We did not provide a callback for this failure, as this is not a true run-time
failure, but something that the developer can observe while trying to get the
network to run on the delegate.

## Tips for optimization

Some operations that are trivial on the CPU may have a high cost for the GPU.
One class of such operation is various forms of reshape operations, including
`BATCH_TO_SPACE`, `SPACE_TO_BATCH`, `SPACE_TO_DEPTH`, and so forth. If those ops
are inserted into the network just for the network architect's logical thinking,
it is worth removing them for performance.
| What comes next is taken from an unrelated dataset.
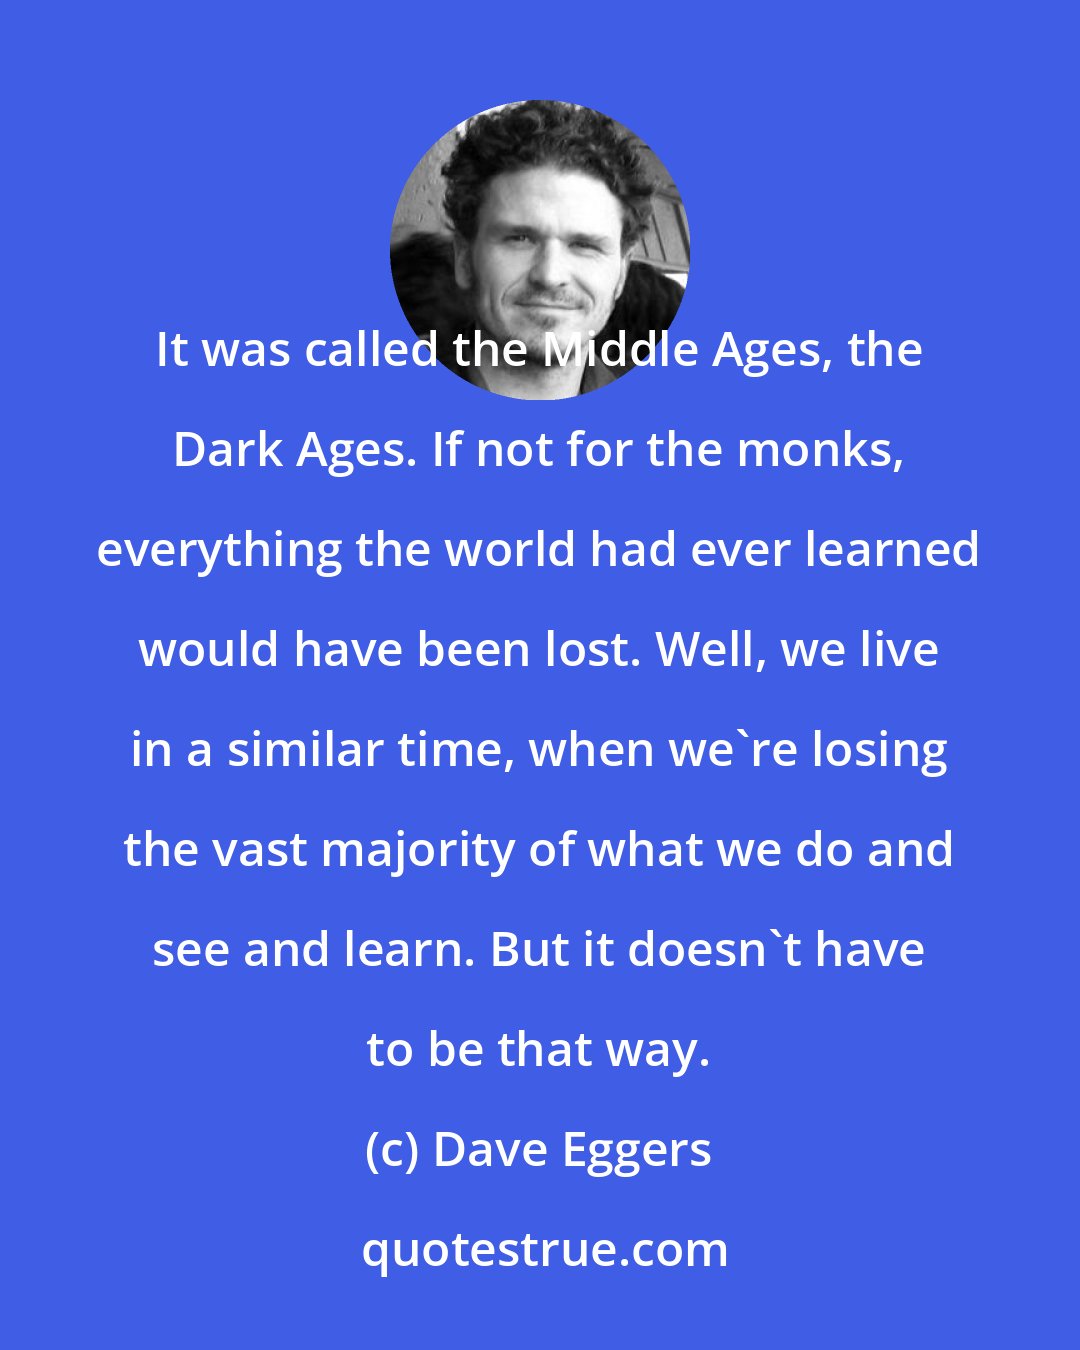 Dave Eggers: It was called the Middle Ages, the Dark Ages. If not for the monks, everything the world had ever learned would have been lost. Well, we live in a similar time, when we're losing the vast majority of what we do and see and learn. But it doesn't have to be that way.

On GPU, tensor data is sliced into 4-channels. Thus, a computation on a tensor
of shape `[B,H,W,5]` will perform about the same on a tensor of shape
`[B,H,W,8]` but significantly worse than `[B,H,W,4]`.

In that sense, if the camera hardware supports image frames in RGBA, feeding
that 4-channel input is significantly faster as a memory copy (from 3-channel
RGB to 4-channel RGBX) can be avoided.

For best performance, do not hesitate to retrain your classifier with a
mobile-optimized network architecture. That is a significant part of
optimization for on-device inference.